# Strings Are Bytes

### Strings Are Bytes

A Zig string is a sequence of bytes.

This is a string literal:

```zig
const s = "hello";
```

It has five visible characters:

```text
h e l l o
```

It also has a zero sentinel after the last byte, so the literal can be used where sentinel-terminated data is required.

The bytes can be printed one by one:

```zig
const std = @import("std");

pub fn main() void {
    const s = "hello";

    for (s) |b| {
        std.debug.print("{d}\n", .{b});
    }
}
```

The output is:

```text
104
101
108
108
111
```

These are byte values. The letter `h` is byte 104. The letter `e` is byte 101.

To print them as characters, use `{c}`:

```zig
const std = @import("std");

pub fn main() void {
    const s = "hello";

    for (s) |b| {
        std.debug.print("{c}\n", .{b});
    }
}
```

The output is:

```text
h
e
l
l
o
```

A string literal is not a special string object. Zig has no hidden string class.
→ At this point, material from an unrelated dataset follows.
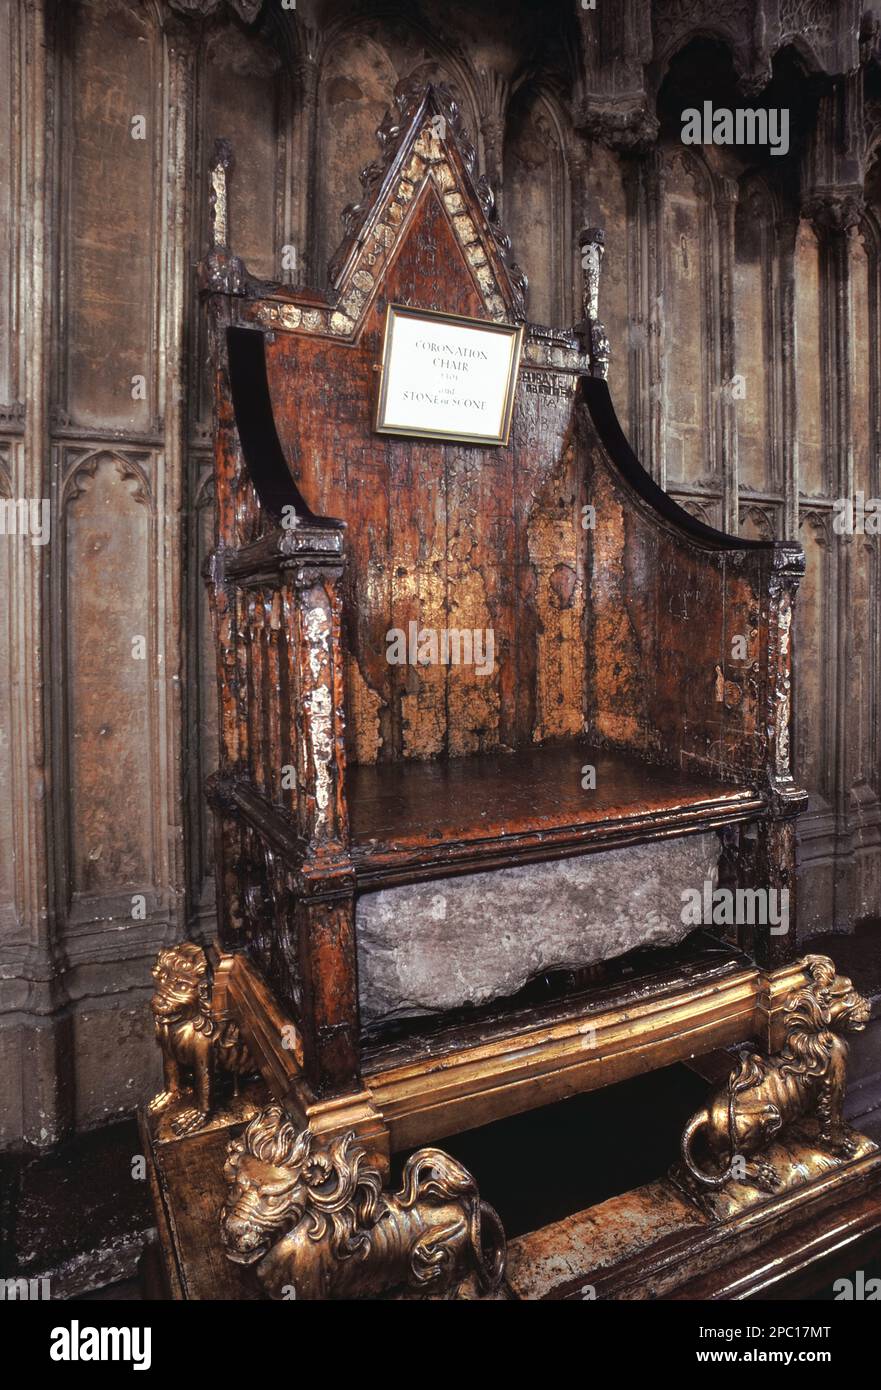 The Coronation Chair, known historically as St Edward's Chair or King Edward's Chair containing the coronation stone of Scotland—known as the Stone of Destiny. Westminster Abbey, London, England, UK Stock Photo
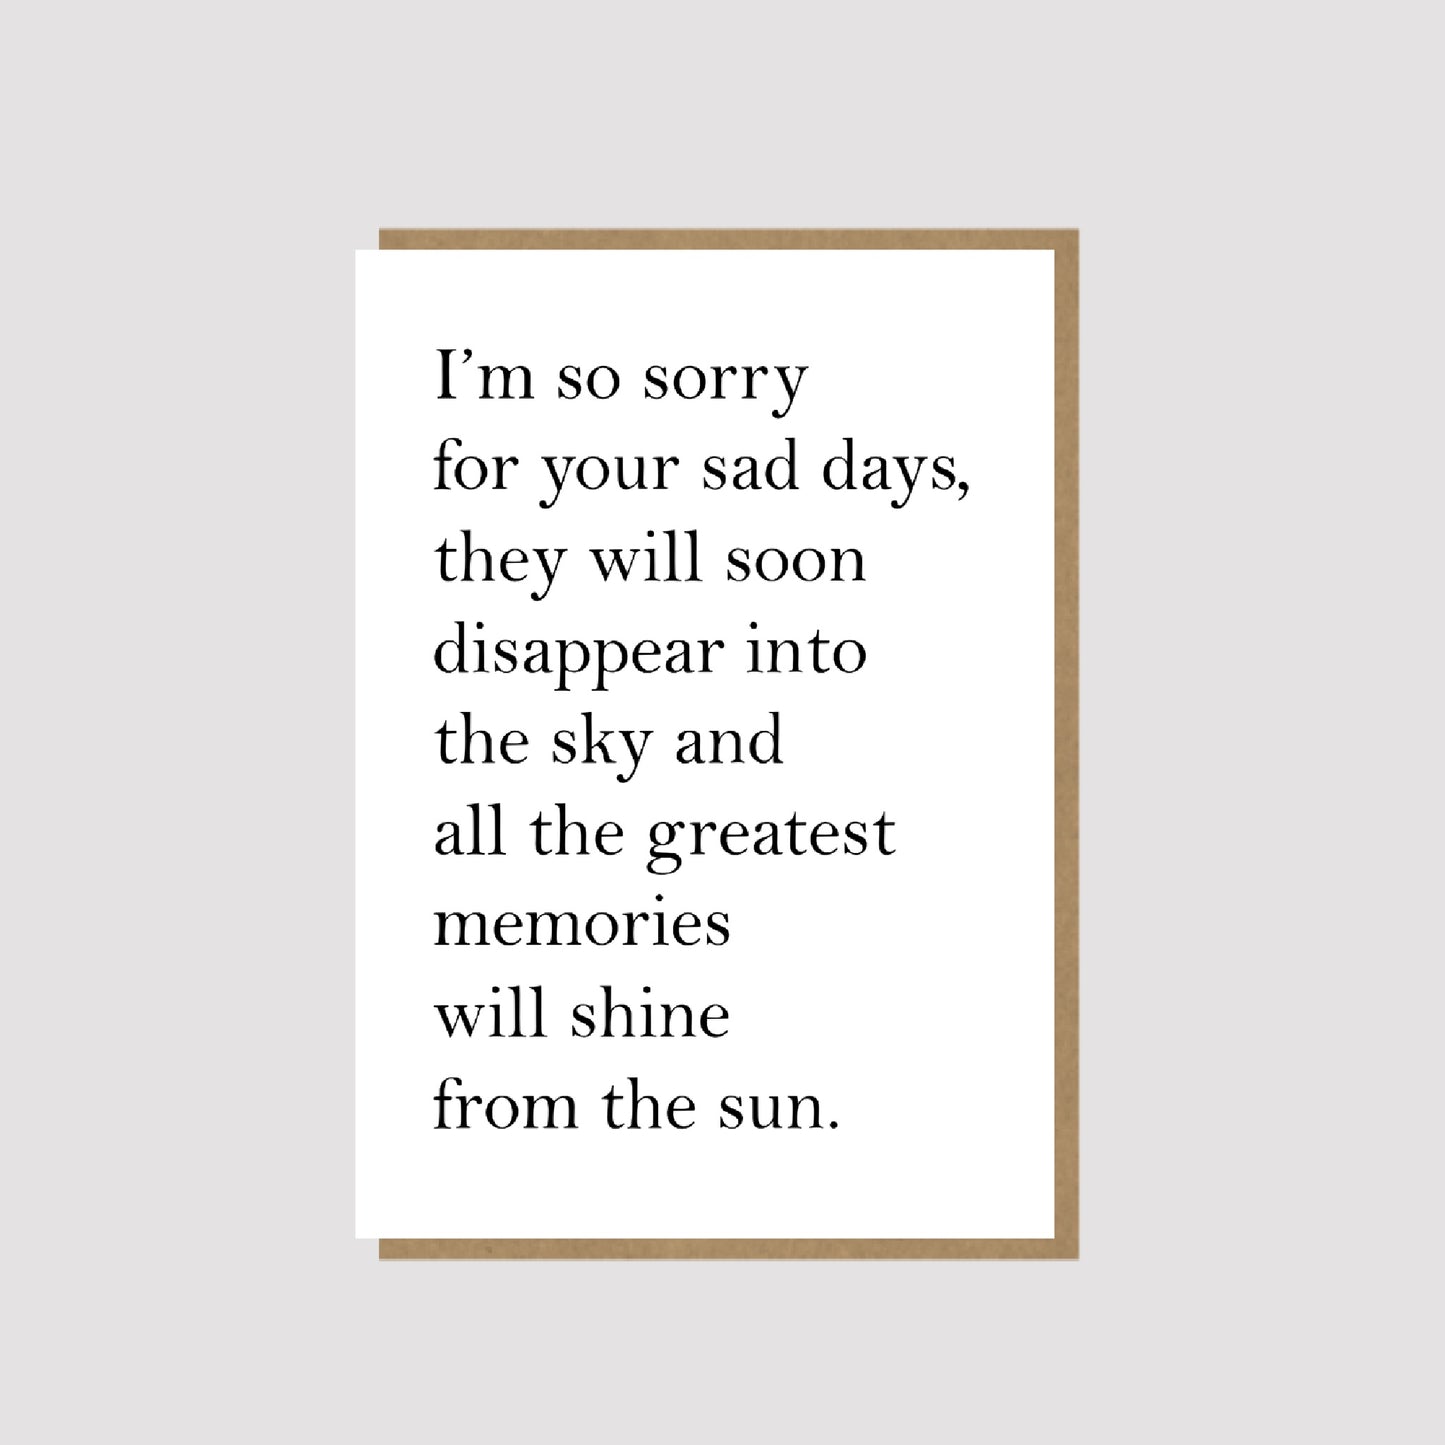 Sorry for your sad days

A string literal is a pointer to a constant sentinel-terminated array of bytes.

In ordinary code, it is often used as a slice:

```zig
const s: []const u8 = "hello";
```

The type `[]const u8` means a read-only slice of bytes.

This is the most common string type in Zig.

```zig
const std = @import("std");

fn printString(s: []const u8) void {
    std.debug.print("{s}\n", .{s});
}

pub fn main() void {
    printString("zig");
    printString("language");
}
```

The output is:

```text
zig
language
```

The `{s}` format prints a byte slice as a string.

Since strings are bytes, `s.len` gives the number of bytes, not the number of human characters.

```zig
const std = @import("std");

pub fn main() void {
    const s = "hello";

    std.debug.print("{d}\n", .{s.len});
}
```

The output is:

```text
5
```

For plain ASCII text, the number of bytes and the number of characters are the same.

For UTF-8 text, they may differ.

```zig
const std = @import("std");

pub fn main() void {
    const s = "é";

    std.debug.print("{d}\n", .{s.len});
}
```

The output is:

```text
2
```

The character `é` is encoded as two bytes in UTF-8.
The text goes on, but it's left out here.